By Collin Gallant
A million-dollar study will examine reopening a railway network between Oyen and Strathmore – a distance of 286 kilometres over which track would have to be rebuilt on an abandoned Canadian National right-of-way.
The study, announced late last month as part of the province’s new “economic corridors strategy,” will evaluate returning direct freight service to 80,000 square-kilometres of land in the Special Areas.
That has been the hope of regional leaders there since the CN line was decommissioned in 2010, and gets new life after the Oyen railyard came online five years ago and alongside new efforts to expand irrigation to farmland in eastern Alberta and Acadia Valley.
“It’s a first step towards it,” said Doug Jones, mayor of Oyen, located about 200 km north of Medicine Hat.
“It’s a feasibility study and we’ll see the viability of it. These days you see more and more traffic going to rail … it’s a more efficient way to move more large volumes.”
A new line, which could cost $500 million or more to reconstruct, would also connect the 155-acre Oyen Logistics yard, serviced by Canadian National from Saskatoon, to the main CN yard near Calgary.
It could be operated by a new short-line rail company owned by investors who use the line – as was unsuccessfully proposed 14 years ago when CN announced it would shut down the line due to a lack of traffic – either owned or leased.
“CN would be involved one way or another but it’s very preliminary at this stage,” said Jones.
The study, which could take nine months to complete, involves a Canadian National railway line between Oyen and Lyalta, Alta., near Strathmore, that was abandoned in the early 2010s.
Through a regulated process, Class A railways that plan to decommission track must offer it for sale to the province, then municipalities for purchase, usually for scrap value of the steel rails.
Saskatchewan has seen more than 18 locally owned short lines, like the Leader, Sask.-based Great Sandhills Shortline, built up with provincial support.
The Alberta government took a hands-off approach in the 2000s and 2010s however, and only three are in operation, including Forty Mile Rail, in Foremost.
In Oyen’s case, a group called Badlands Railway was incorporated to vie for the Oyen-Hanna-Lyalta line, but wasn’t successful in negotiations that ended in late 2010.
The tracks were removed several years later.
The Province of Alberta is paying for about half the new feasibility study, $475,000, equal to funding from the federally-controlled Canada Infrastructure Bank.
The Oyen Regional Rail Company, incorporated in 2020, will provide $25,000 and the remainder will come from Special Areas and the Oyen Development Corporation, an arm of the town.
Transport Minister Devin Dreeschen said in a release the line would bring corridor access to eastern Alberta from the central stem of the provincial transportation network.

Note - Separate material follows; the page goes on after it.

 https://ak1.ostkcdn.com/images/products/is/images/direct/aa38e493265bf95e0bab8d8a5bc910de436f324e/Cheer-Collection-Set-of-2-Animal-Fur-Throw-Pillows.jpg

Combined with increased irrigation, which is currently being studied for eastern Special Areas, the outcome could boost agricultural yields and the shipping requirements, said Ag Minister Nate Horner.
“This proposed rail development will unlock the economic potential of all communities in the region,” said Horne, whose riding spans nearly the whole length of the proposed line. “If approved, the rail line would support increased agricultural production and attract new opportunities to producers and processors in the area and across Alberta.”
The line right of way follows Highway 9 from Oyen to Hanna, then south to Drumheller, and ends in the hamlet of Lyalta. That point, northwest of Strathmore is connected by operating CN track to the company’s main yard in the Calgary area, north of Chestermere.
The UCP government’s “Economic Development in Rural Alberta Plan” was unveiled in December as a five-year initiative to promote, in part, interconnectivity in regional economic planning.